We have achieved mixed hematopoietic chimerism-associated tolerance with high-dose HSCT, intrathymic donor renal tissue transplantation, and minimal conditioning without any adverse effects.
我们设计了一项前瞻性、随机对照临床试验,以评估实现混合嵌合相关耐受方案对活体亲属供体(LRD)肾移植受者的疗效和安全性。
66例连续性患者被分为两组,每组33例终末期肾病患者。他们在淋巴细胞毒性交叉配型(LCM)阴性后入选进行移植。两组(治疗组[Tn]和对照组[Cn])显示出相似的临床和实验室参数以及供体HLA匹配情况。Tn组在肾移植前接受供体肾组织胸腺移植、两次供体特异性输血、低强度预处理以及高剂量造血干细胞移植(HSCT)。预处理方案包括低剂量、靶向性照射(隔日照射腹部和腹股沟淋巴结、胸腰椎和部分骨盆的骨髓[BM],100拉德×4)、抗T细胞抗体(1.5毫克/千克体重[BW])、环磷酰胺(10毫克/千克BW×连续2天)以及环孢素(CyA;>3毫克/千克BW/天)。在CD4+/CD8+T细胞计数低于正常水平的10%后24小时内,将从供体骨髓中获取的未分离HSCT注入BM、门静脉和外周循环。此次输注还补充了一剂外周动员干细胞(平均总剂量为20×10⁸细胞/千克受者BW),经外周给予。在LCM阴性后进行肾移植。在肾移植前,通过静脉注射免疫球蛋白和血浆置换消除供体特异性细胞毒性抗体。对于性别相反供体的患者,在移植前后每月通过FISH技术评估混合嵌合情况。两组均接受CyA和泼尼松龙进行免疫抑制;Cn组患者还接受霉酚酸酯/硫唑嘌呤。排斥反应采用标准治疗。对于嵌合持续阳性的患者,在肾移植后6个月停用免疫抑制药物。临床耐受定义为在无免疫抑制的情况下移植肾功能稳定超过100天,并通过移植肾活检证实。

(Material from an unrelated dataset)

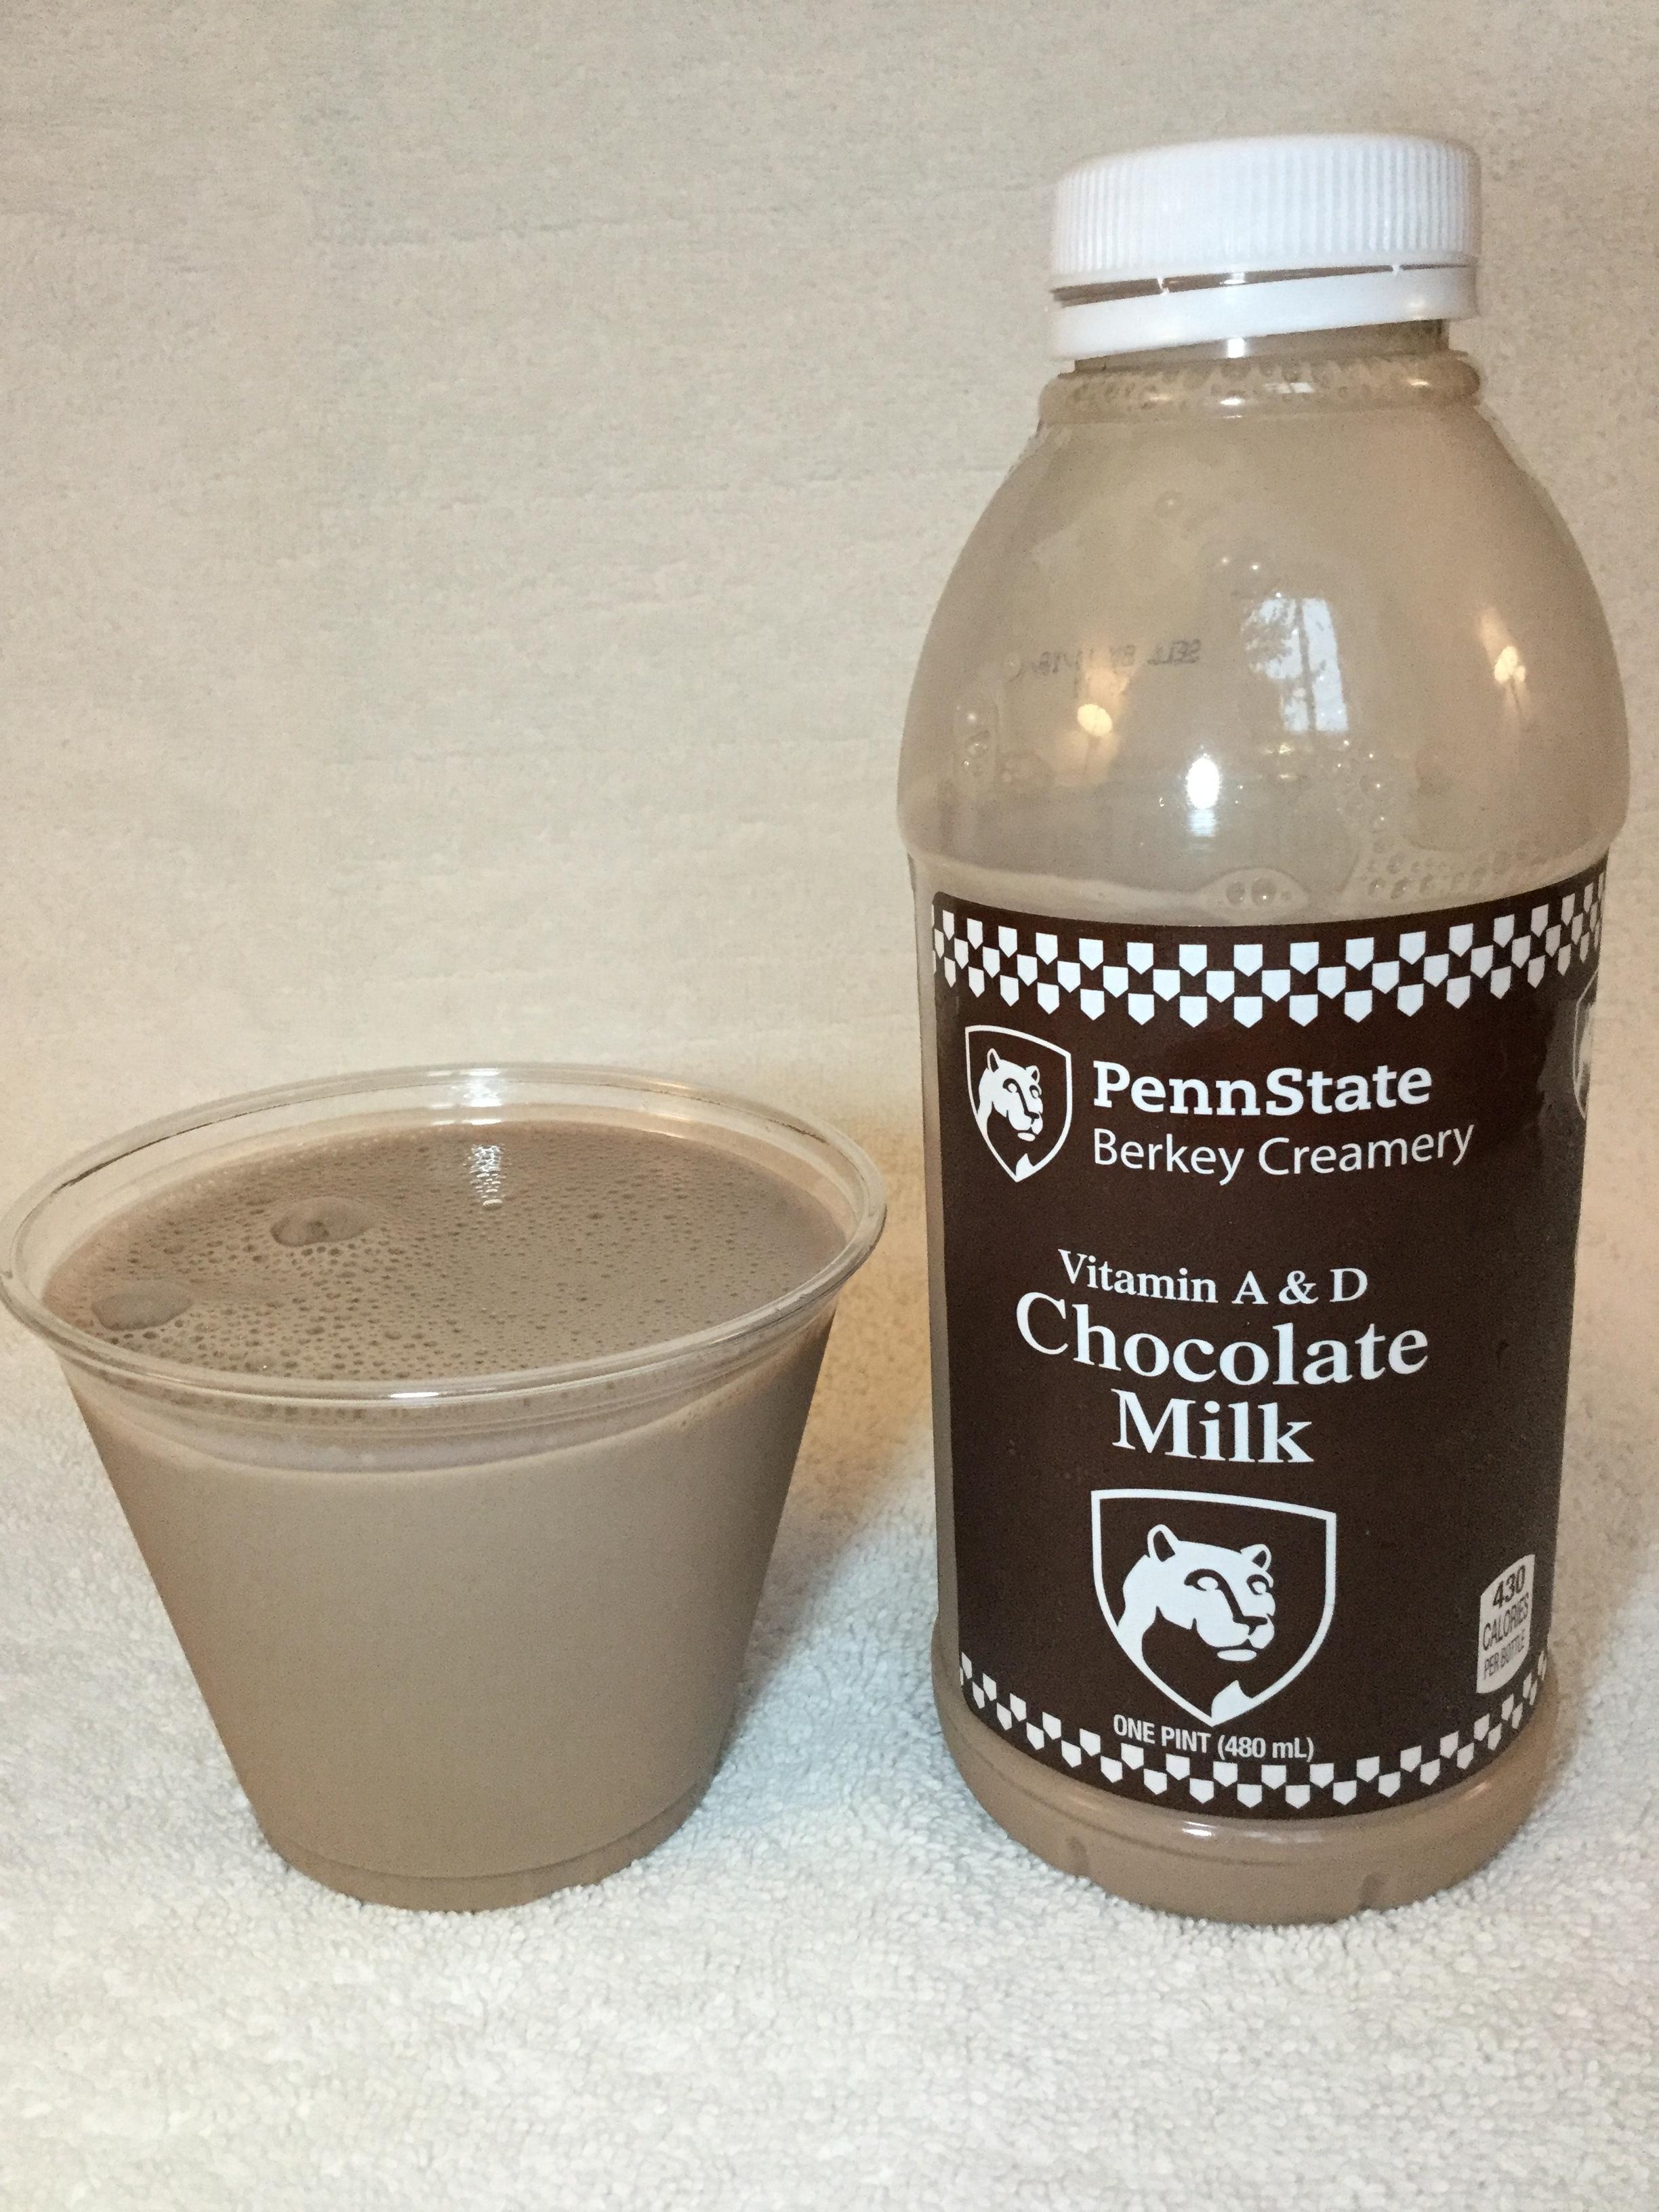 Penn State Berkey Creamery Chocolate Milk Cup

在平均210天的随访期内,所有Tn组患者移植肾功能均稳定,平均血清肌酐(SCr)为1.20毫克/分升,无排斥反应/巨细胞病毒感染/移植肾或患者丢失情况。所有Tn组患者均观察到低水平的供体特异性细胞毒性抗体。10例(30.3%)患者出现CyA毒性。所有21例患者均出现持续的混合造血嵌合,无论供体 - 受体HLA匹配情况如何(移植前平均为0.5%,移植后为1±0.3%)。所有4例停药患者在平均129.8天的随访期内均表现出供体特异性耐受。其他Tn组患者正在逐渐减少免疫抑制药物用量。对照组在平均216天的随访期内平均SCr为1.45毫克/分升。17例(51.5%)患者发生急性排斥反应;未观察到巨细胞病毒感染/患者丢失情况,对照组有1例(3.03%)移植肾丢失。对照组无患者死亡。Tn组患者未观察到移植物抗宿主病。
我们通过高剂量HSCT、胸腺内供体肾组织移植以及最小化预处理实现了混合造血嵌合相关耐受,且无任何不良反应。